The Septuagint is also notable for Deuteronomy 16:7, where it resolves contradiction by saying, "and you shall boil and roast and eat..." (καὶ ἑψήσεις καὶ ὀπτήσεις καὶ φάγῃ).
Option 1: Different senses of the same word (no contradiction)
These definitions certainly allow for some ambiguity. As pointed out by Joseph, in Numbers 11:8 — it makes more sense to 'bake' a cake than to 'boil' it. Even aside from this example, 'cook' and 'boil' are relatively ambiguous in other places as well (especially since the idea of 'boiling the flesh' over fire appears in a few passages as well, see chart).
Option 2: Rabbinical attempt to harmonize apparent conflict (contradiction)
Regardless of whether 'cook' or 'boil' is a better English translation of this term in various contexts, the question at hand is whether the original readers would have seen Deuteronomy 16:7 in conflict with Exodus 12:9. I believe the answer is yes, and 2 Chronicles 35:13 is likely an early rabbinic attempt ('the Chronicler') to resolve this contradiction by harmonizing these two passages:
וַֽיְבַשְּׁל֥וּ הַפֶּ֛סַח בָּאֵ֖שׁ כַּמִּשְׁפָּ֑ט וְהַקֳּדָשִׁ֣ים בִּשְּׁל֗וּ בַּסִּירֹ֤ות וּבַדְּוָדִים֙ וּבַצֵּ֣לָחֹ֔ות וַיָּרִ֖יצוּ לְכָל־בְּנֵ֥י הָעָֽם׃2
Literally, this passage says:
And they boiled the passover sacrifice on the fire according to the tradition and they boiled the holy offerings using pots....

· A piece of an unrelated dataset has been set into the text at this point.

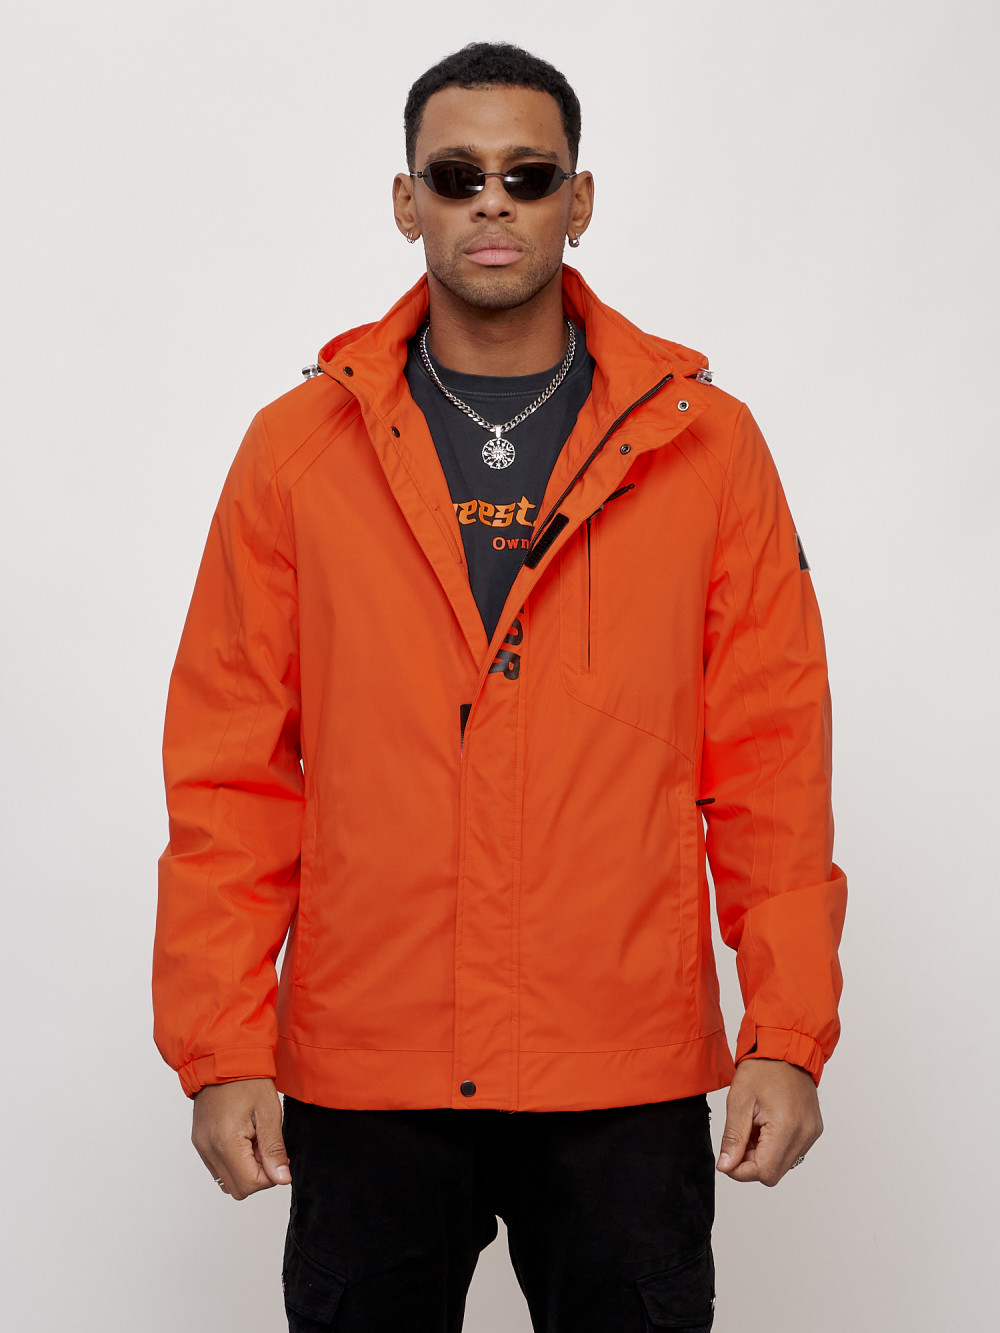 Купить оптом Куртка спортивная мужская весенняя с капюшоном оранжевого цвета 88022O в Казани

It's interesting is that most English translators use 'roast' for the same verb in the first sense and 'boil' in the second. This resolves what appears to be a tautology. But what if the redundancy is an intentional attempt to harmonize Deuteronomy 16:7 with Exodus 12:9? This would only be necessary if it were perceived as a contradiction.
A source-critical approach would argue that these differences are not surprising because they simply reflect the different practices of people at different times, and a later Rabbi or scribe observed this contradiction and attempted to harmonize it with the awkward construction of boiling it with fire (effectively redefining the word). The attempt to resolve the conflict is the best evidence that an actual contradiction exists.

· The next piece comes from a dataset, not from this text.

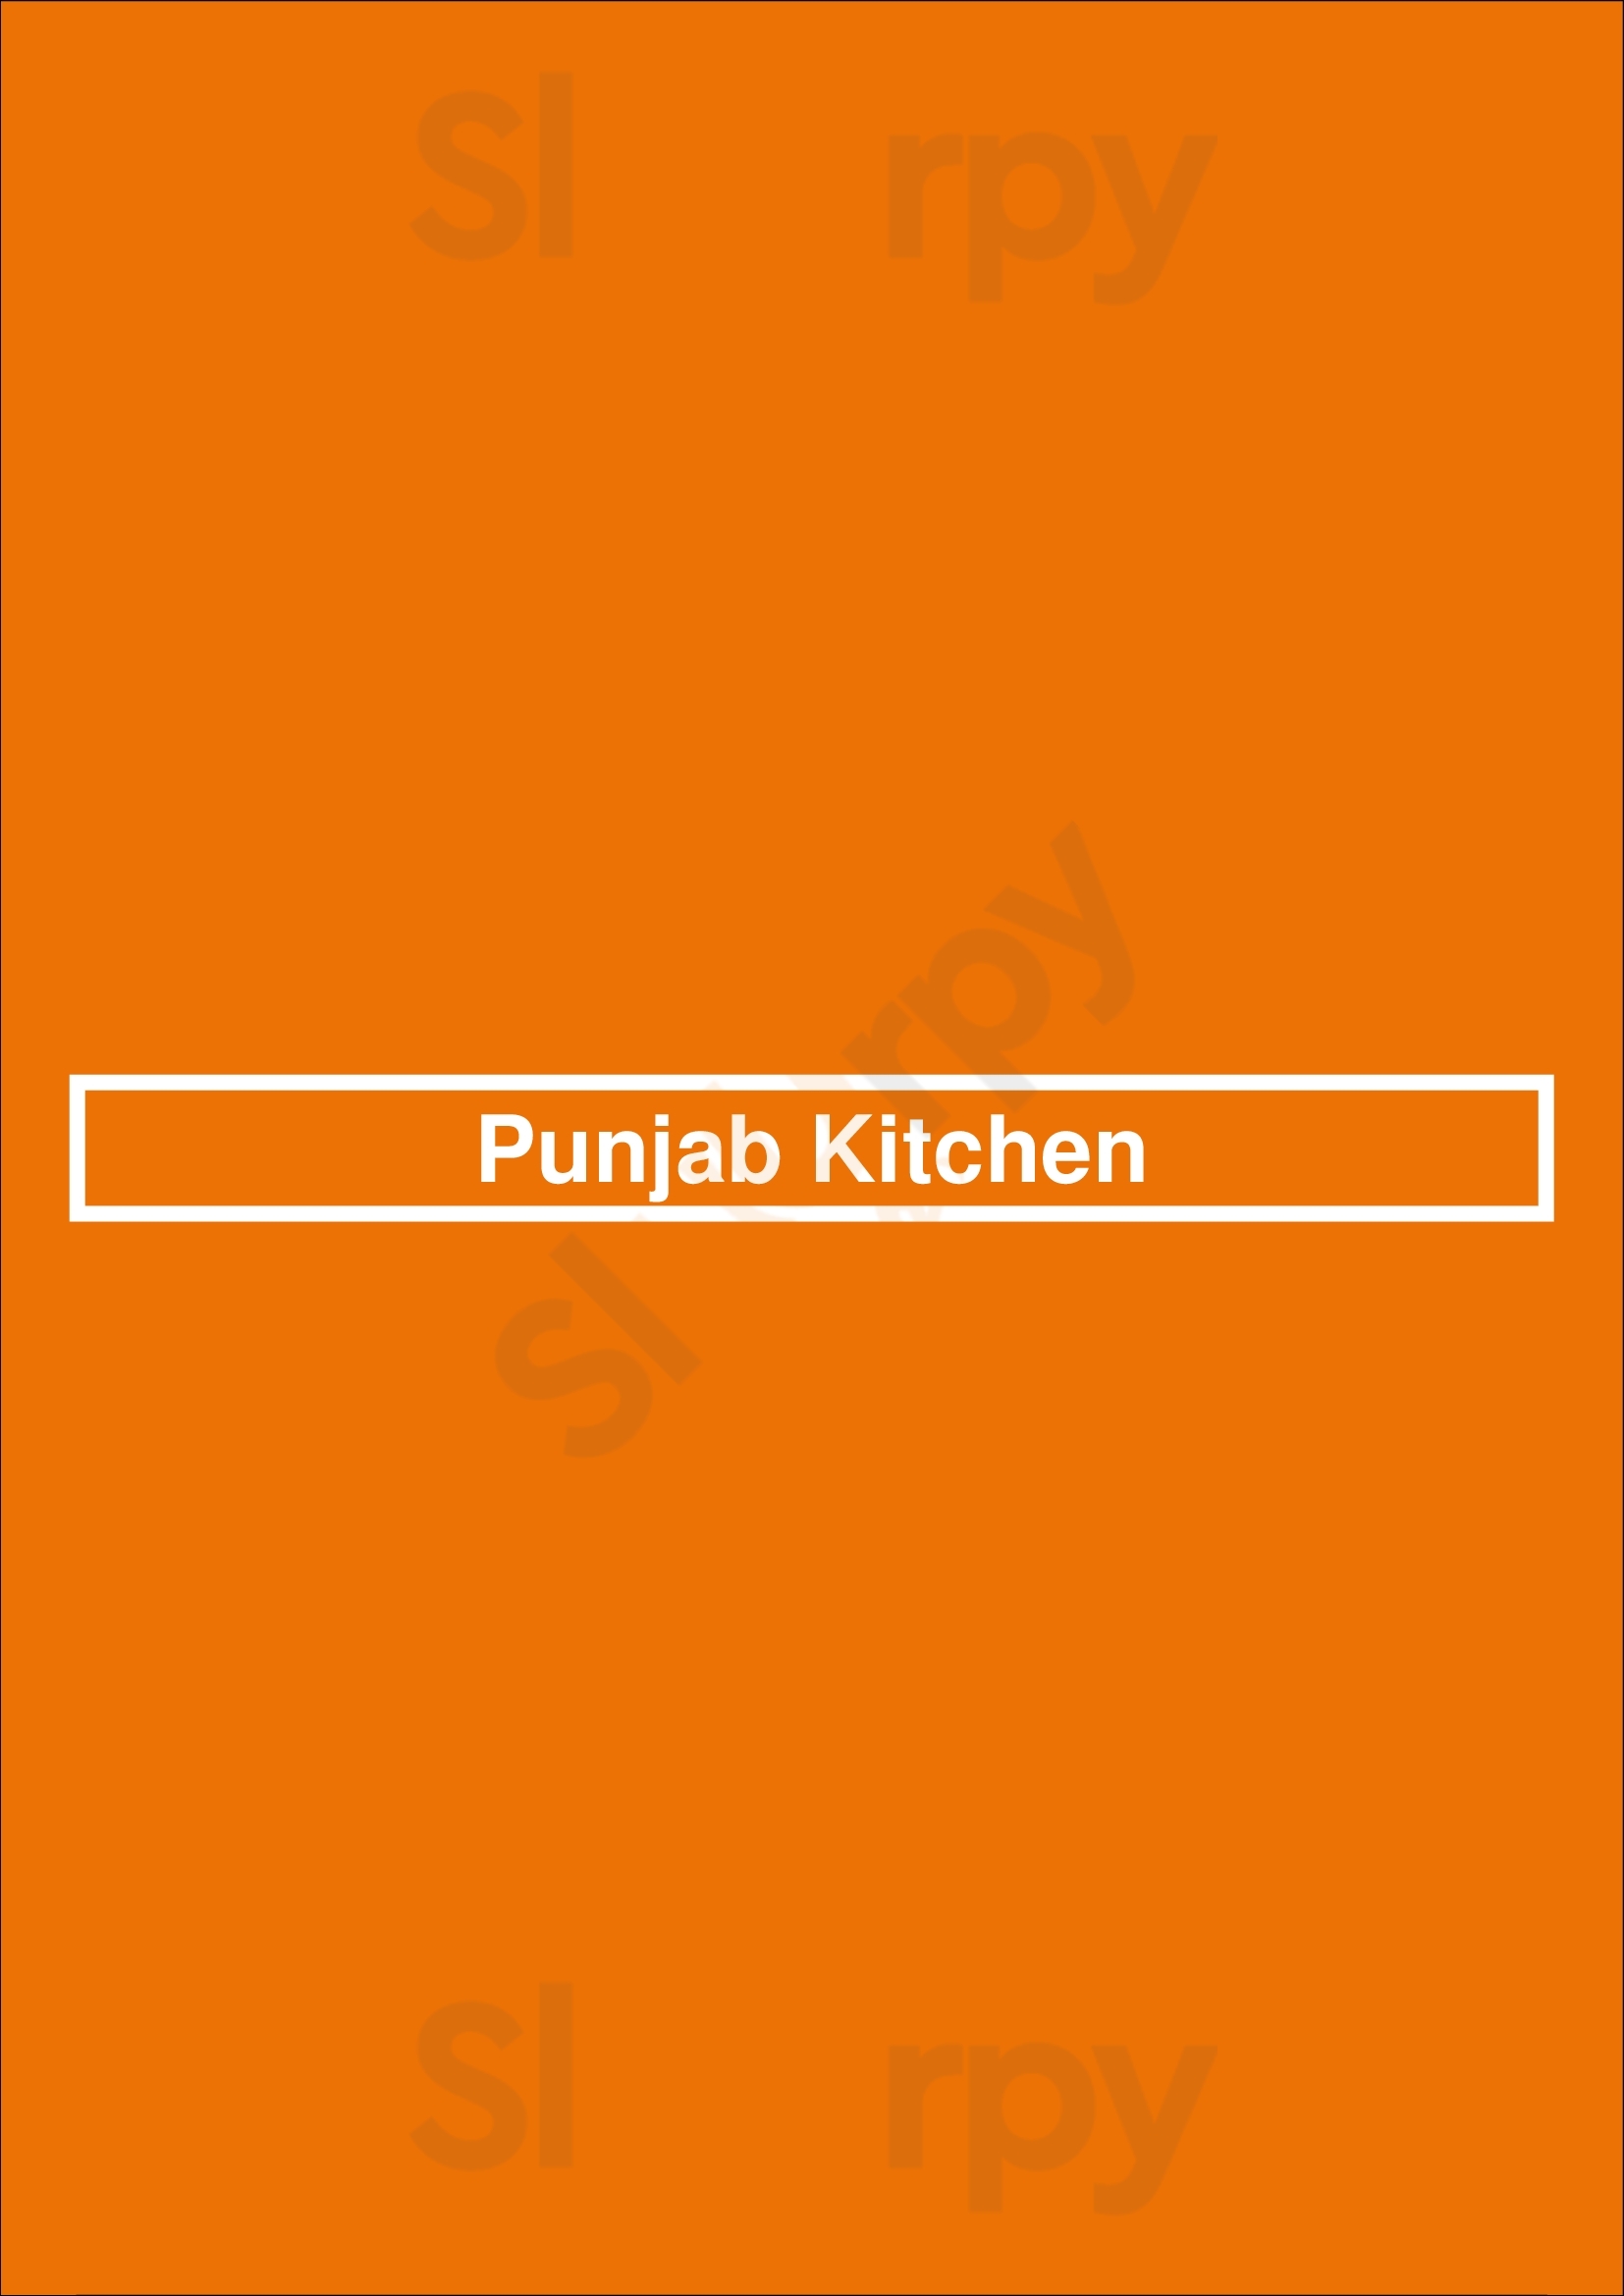 Punjab Kitchen Continental Takeaway Kingston-upon-Hull Menu - 1

This instance is a well-cited example of such a harmonization.3 The presence of 'according to the tradition' (כַּמִּשְׁפָּ֑ט) is often associated with such halachic harmonizations in Chronicles. This is cited as an example of contradiction and harmonization in many introductory texts and critical commentaries (e.g. most anything published by Oxford, Cambridge, etc.).

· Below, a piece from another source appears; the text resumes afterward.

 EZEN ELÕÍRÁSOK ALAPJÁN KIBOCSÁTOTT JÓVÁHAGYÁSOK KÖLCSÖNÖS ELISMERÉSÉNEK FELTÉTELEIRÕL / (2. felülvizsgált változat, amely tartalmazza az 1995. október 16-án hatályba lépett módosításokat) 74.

To fully answer the question, 'בֹשׁל' should be translated consistently with Exodus 12:8-9. I recommend translating it as as 'boil' in Deuteronomy 16:7, knowing that this will place it in conflict with Exodus 12:8-9. It's the same Hebrew word.
The biggest issue for me isn't whether to use 'boil' or 'cook', but rather translating the word consistently in these passages so that the contradiction isn't hidden from the reader (when it would not have been to those reading it in its original language).
1 Ludwig Koehler et al., The Hebrew and Aramaic Lexicon of the Old Testament (Leiden; New York: E.J. Brill, 1999), 164.
2 Biblia Hebraica Stuttgartensia: SESB Version, electronic ed. (Stuttgart: German Bible Society, 2003), 2 Ch 35:13.
3 cf. Michael Fishbane, Biblical Interpretation in Ancient Israel (Oxford, UK: Oxford University Press, 1985), 135-6.